| Summary | National Percentile | Rank vs Metro |
|---|---|---|
| Housing | 76th | Best |
| Demographics | 38th | Poor |
| Amenities | 80th | Best |
Multifamily Valuation
| Property Details | |
|---|---|
| Address | 5455 MacDonald Ave, Key West, FL, 33040, US |
| Region / Metro | Key West |
| Year of Construction | 2013 |
| Units | 48 |
| Transaction Date | 2012-12-18 |
| Transaction Price | $1,000,000 |
| Buyer | BANYAN GROVE RESIDENCES LTD |
| Seller | BANYAN GROVE DEVELOPMENT CORPORATION |
5455 MacDonald Ave, Key West FL Multifamily Investment
According to WDSuite’s CRE market data, the surrounding neighborhood’s occupancy ranks in the top quartile among 27 Key West neighborhoods, indicating durable renter demand in a high-cost ownership market.

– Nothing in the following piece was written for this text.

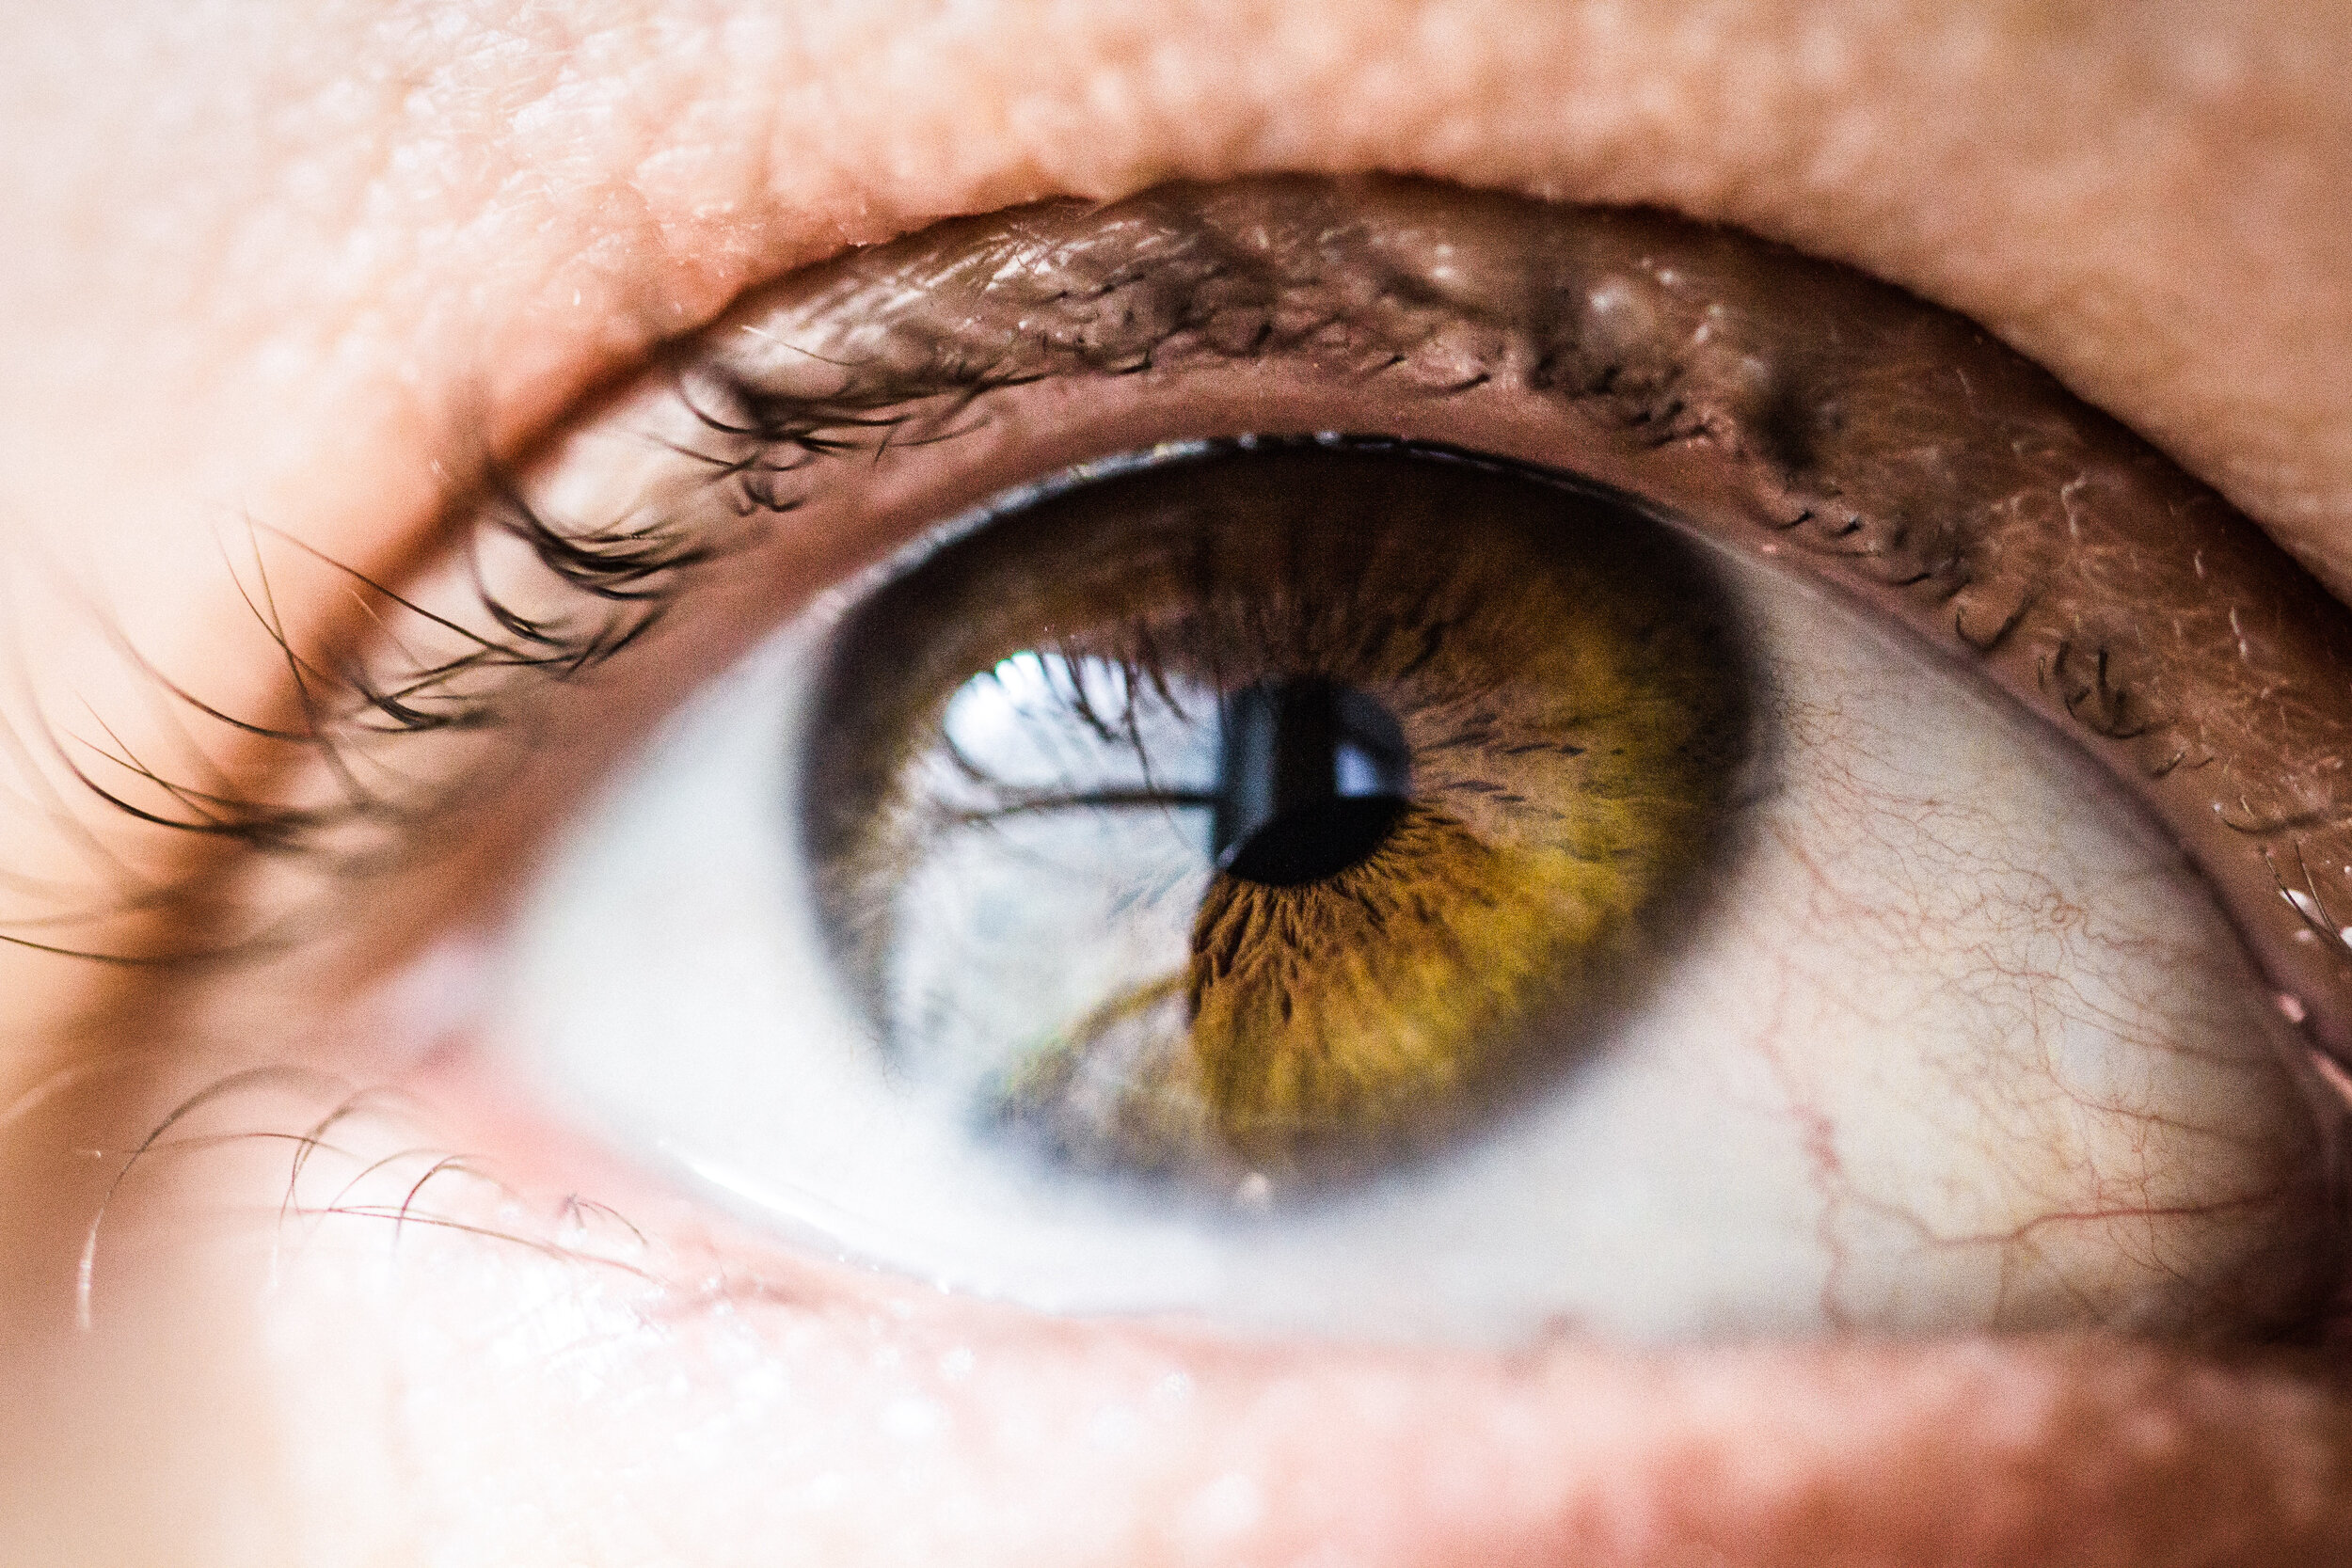 Ocular Lead Toxicity - Target Organ Toxicity

The property’s 2013 vintage positions it competitively against a neighborhood housing stock that is older on average (1976), offering newer systems and finishes that can support leasing velocity and reduce near-term capital exposure while allowing for selective modernization as needed.
Location fundamentals skew favorable for renters: grocery access and parks both rank 2nd–3rd out of 27 Key West neighborhoods, placing amenities in the top quartile locally and near the 97th–99th percentile nationally. Restaurant density is likewise strong (ranked 3 of 27; 99th percentile nationally), which supports livability and lease retention for workforce and service-oriented households.

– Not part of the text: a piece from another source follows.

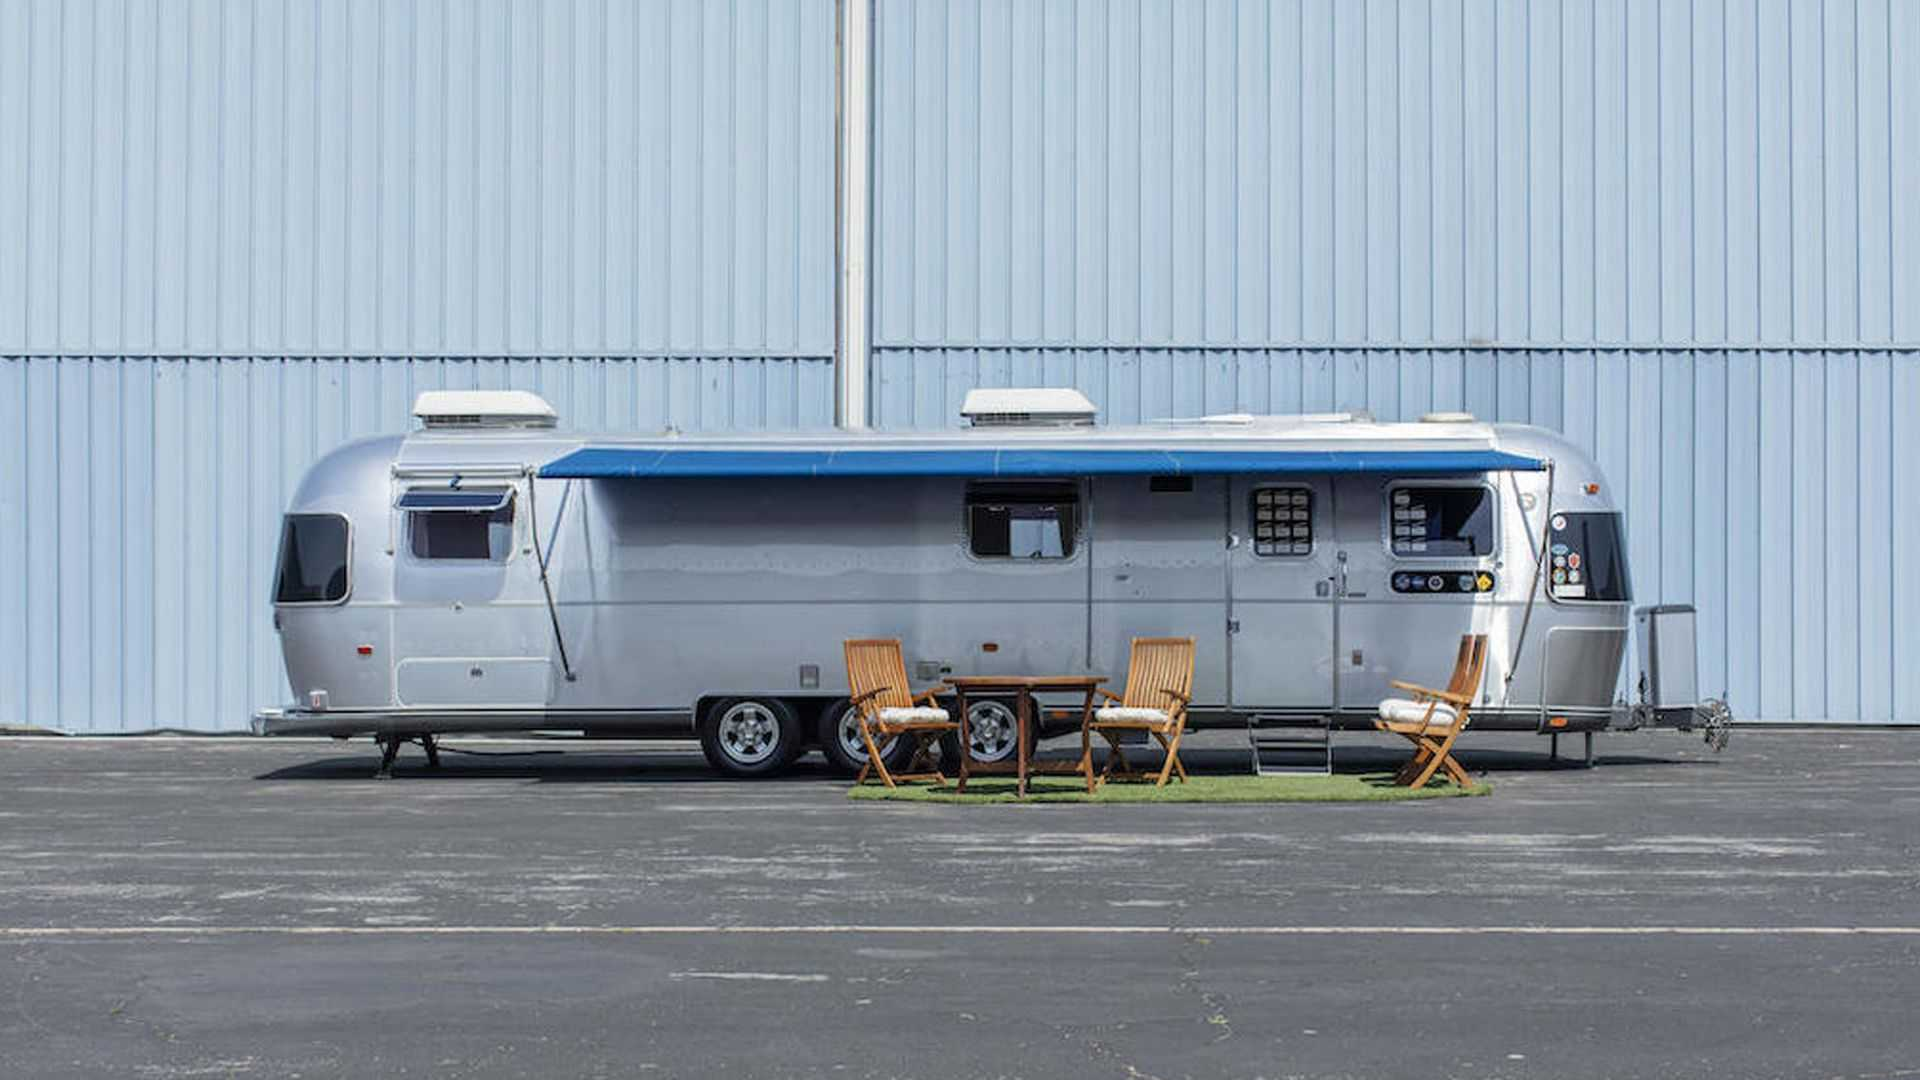 Tom-Hanks-Airstream-trailer-for-sale-2

Neighborhood-level multifamily indicators are constructive for stability. Occupancy is ranked 3rd among 27 neighborhoods (above the metro median), and the renter-occupied share is ranked 1st locally and in the 99th percentile nationally—signaling a deep tenant base and consistent demand for professionally managed apartments.
Demographics aggregated within a 3-mile radius show relatively steady population levels over the past five years, alongside growth in households and a trend toward smaller household sizes. WDSuite’s data indicates additional household growth is projected over the next five years, which typically expands the renter pool and supports occupancy and pricing resilience.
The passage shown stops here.